GIVEN RECORDS
»»
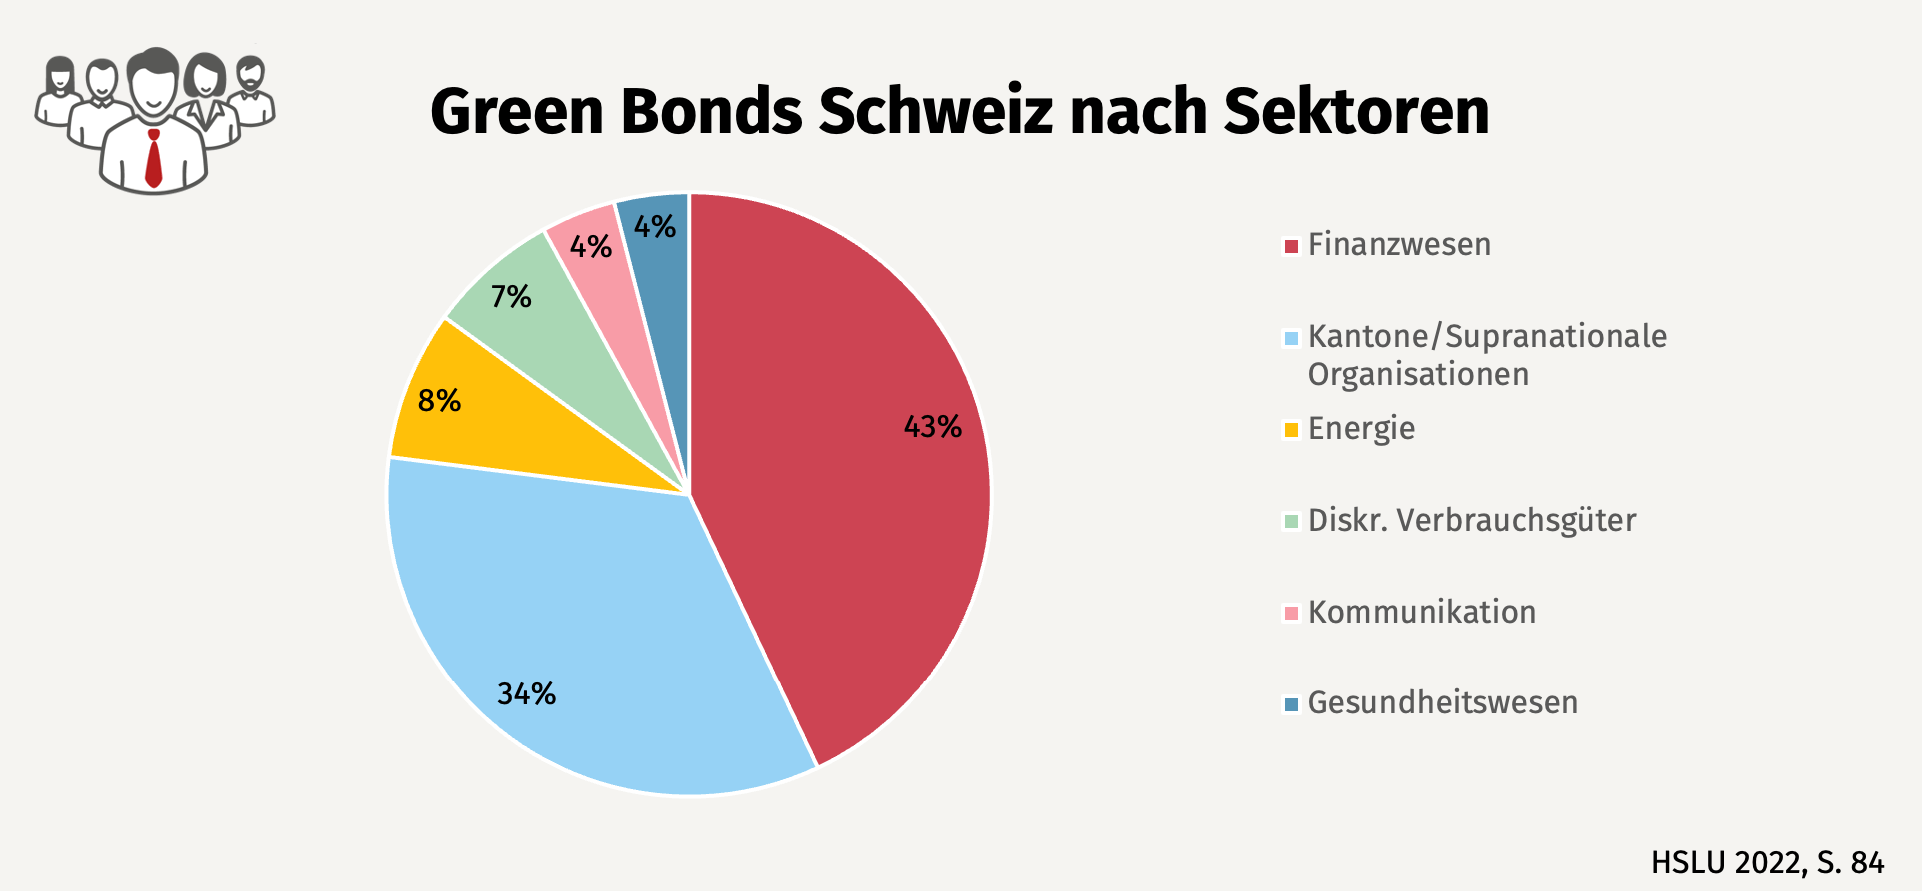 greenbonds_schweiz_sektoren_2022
««
»»
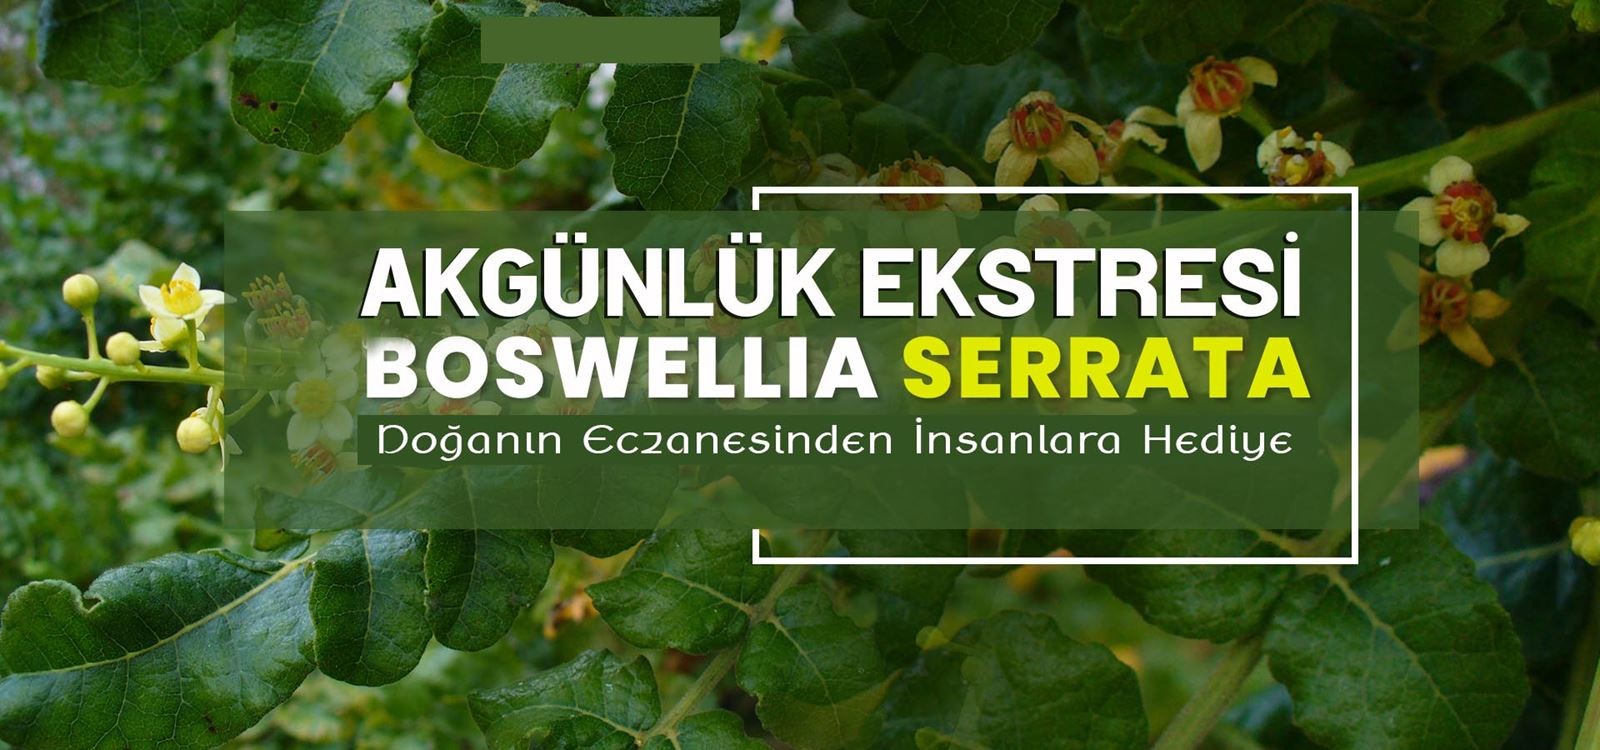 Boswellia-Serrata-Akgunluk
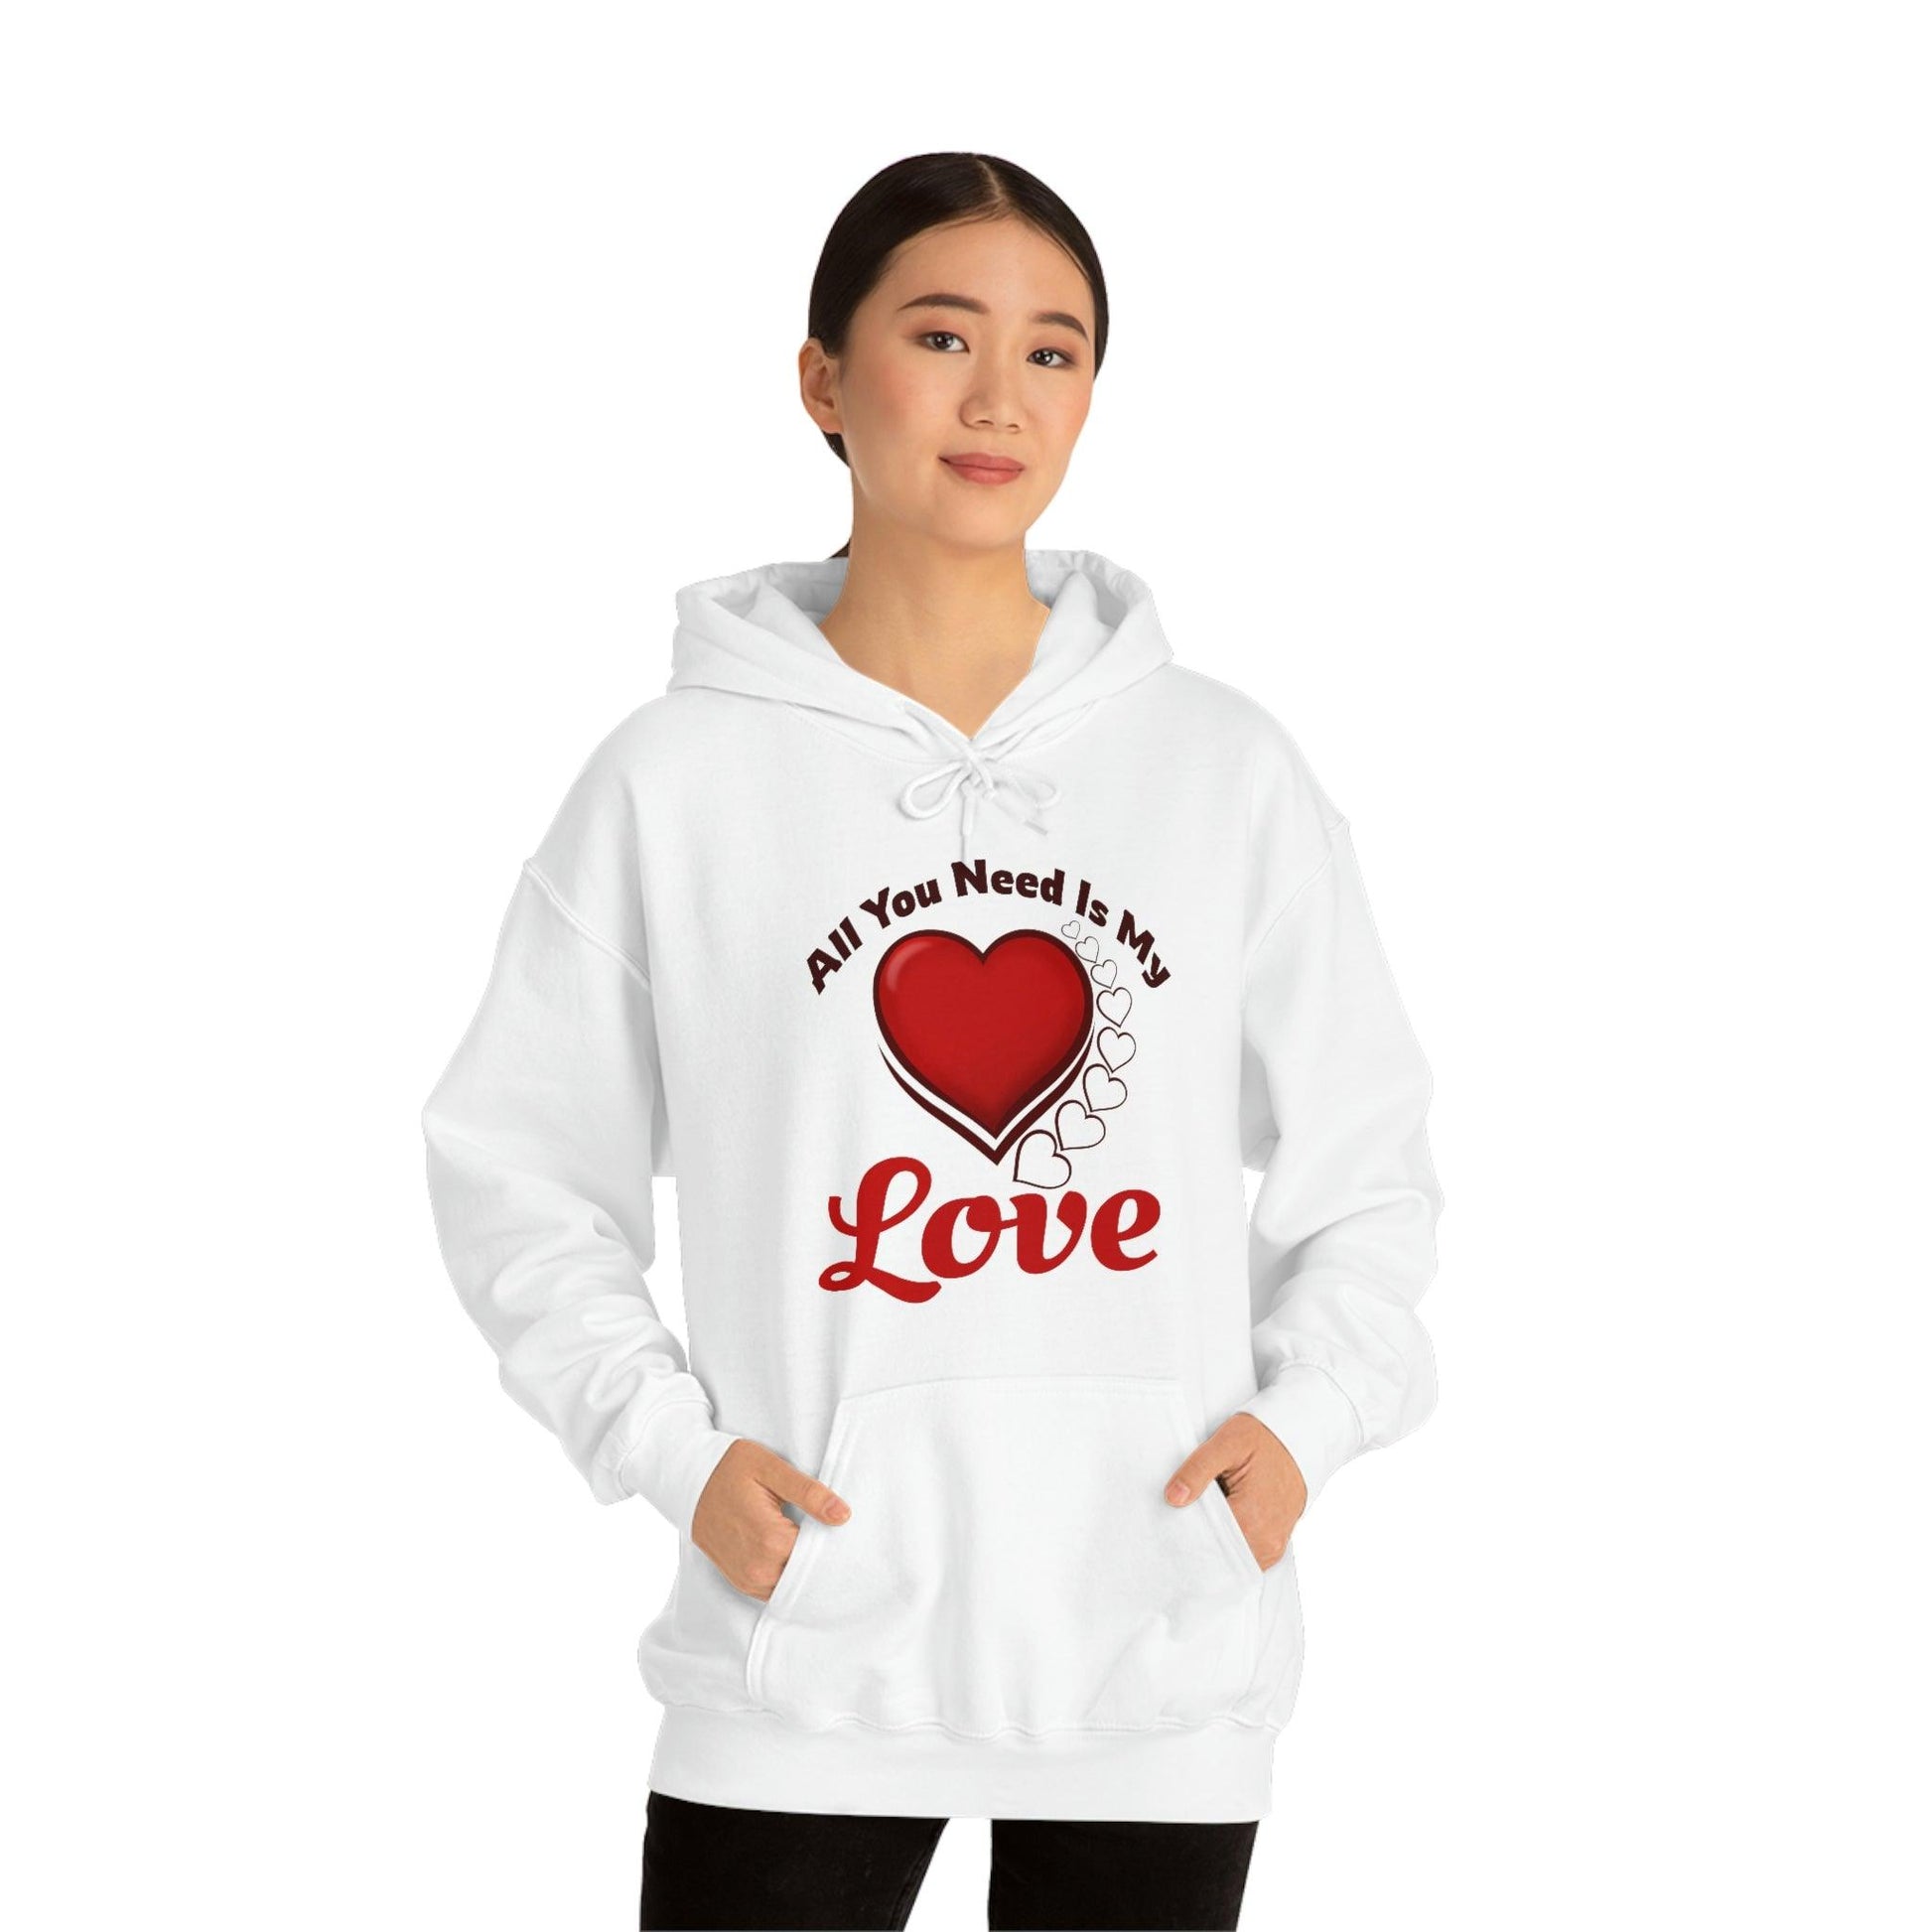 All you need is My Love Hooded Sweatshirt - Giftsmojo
««
»»
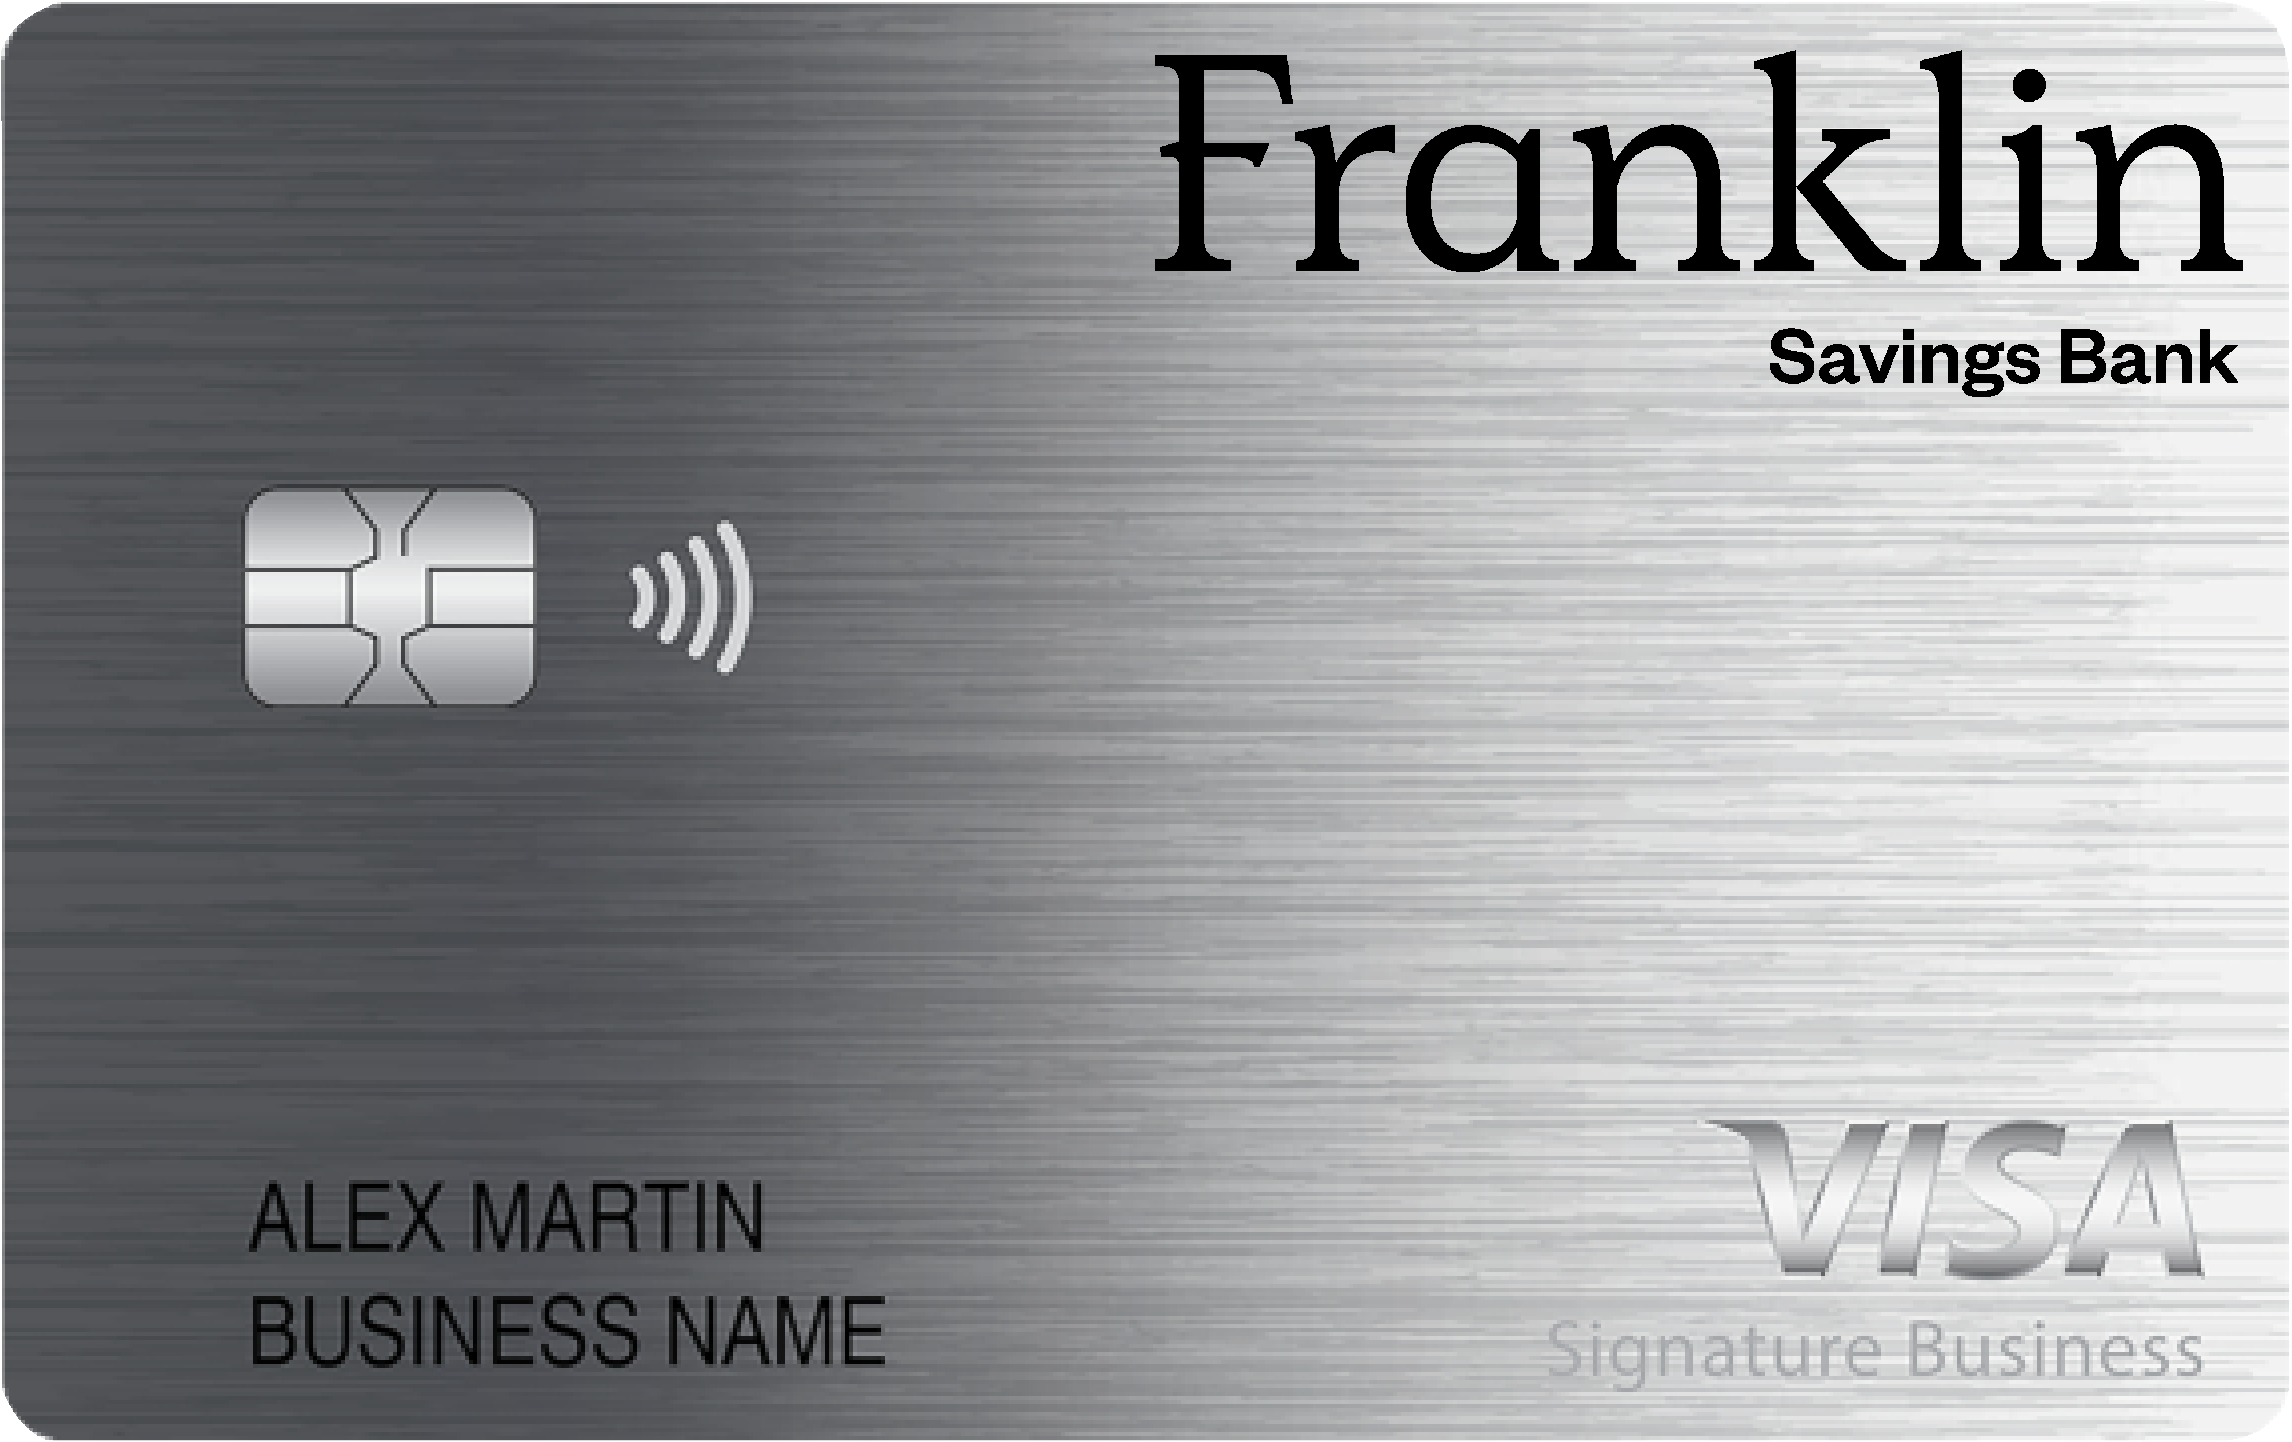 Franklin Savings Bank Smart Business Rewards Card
««
YOUR TASK
Looking above, find the stretch of lines that opens with the one holding "Boswellia-Serrata-Akgunluk" and closes with the one holding "All you need". Copy it exactly, pictures excluded.

WRITTEN SOLUTION
 Boswellia-Serrata-Akgunluk
 All you need is My Love Hooded Sweatshirt - Giftsmojo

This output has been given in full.